The Water Knife - Paolo Bacigalupi

Another apocalypse novel, similar in theme to The Wind Up Girl (which I would like to reread).  This time the author is exploring a future southwest US, when water has finally become so scarce that the main urban centres begin to fight amongst themselves to have control and access to what water remains.  He also explores what kind of development might survive within this crisis environment using the latest technology around water recycling and waste management.  As in so many apocalypse novels, there is the elite that survives and thrives no matter, and then there are the excluded, the surplus, the excess.  Two societies - one militarized, one a chaos of crime bosses, gangs, criminals and paramilitaries.
A good read, but very american in structure - lots of guns, violence, the obligatory sex scene or two.

There is also a theme of what people will do, how they will change in moments of extreme crisis and threat.  The breakdown of civil society and what relations and structures grow up in their place. What does facing that new reality mean?
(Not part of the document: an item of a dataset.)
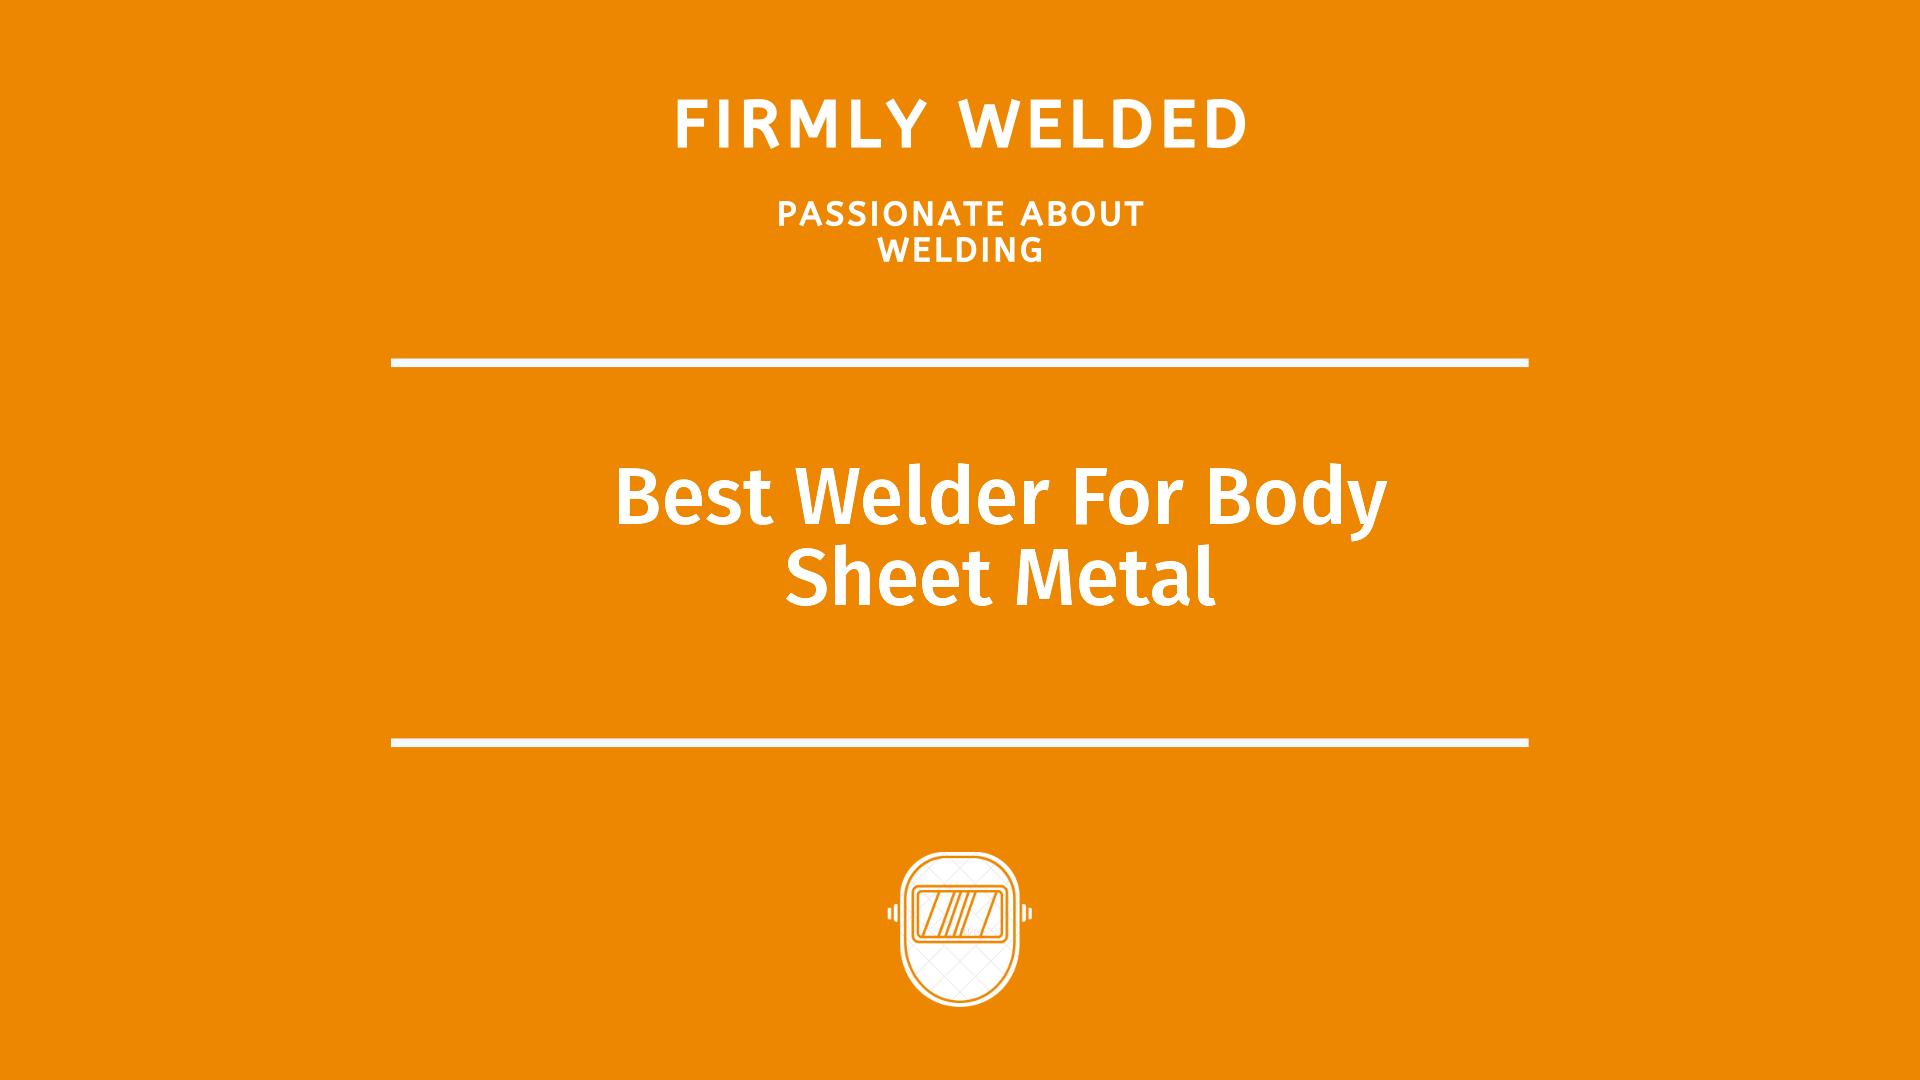 Best Welder For Body Sheet Metal

The Festival of Insignificance - Milan Kundera

The essence of Kundera in telegraphic form.  As he gets older, his books become almost crystalline reflections of the essences of the themes he has explored through his entire oeuvre.  One sentence, one detail about a character will call up a whole chain of characters, ideas, comments from his other longer early novels.  One comment on a young woman can summarize all his reflections and views on the modern age.  All of it built around his usual structures:  older men, younger women; sons and mothers; the undercurrents between friends and loose acquaintances...
This idea of insignificance seems like some kind of final position on his long exploration of the history of modern European/Western culture.  In earlier books he bemoans the loss of all this nuance, reflection, interplay of idea and the world;  in this book his seems resigned, maybe even finding a freedom in this realization of insignificance?

There is a funny sequence that returns through the book, where he brings in Stalin and his cronies.  The idea around these sequences is the philosophical idea of the relationship between reality and our representation or perception of it.  There are two possible positions:  one, we cannot know reality, only our perceptions, but these personal representations have some kind of relationship to the real; two, we have only our representations and there is no underlying real (or it is completely unknowable).  Kundera seems to see Stalin (and other total autocratic regimes afloat on a world of propaganda and ideology) as definitive proof of the second position.  Reality is unknowable, individual, and a strong individual can force everyone to accept their representation, whatever the individual's personal experience might be.  Some relationship to the trap of language here and the relationship between language and perception...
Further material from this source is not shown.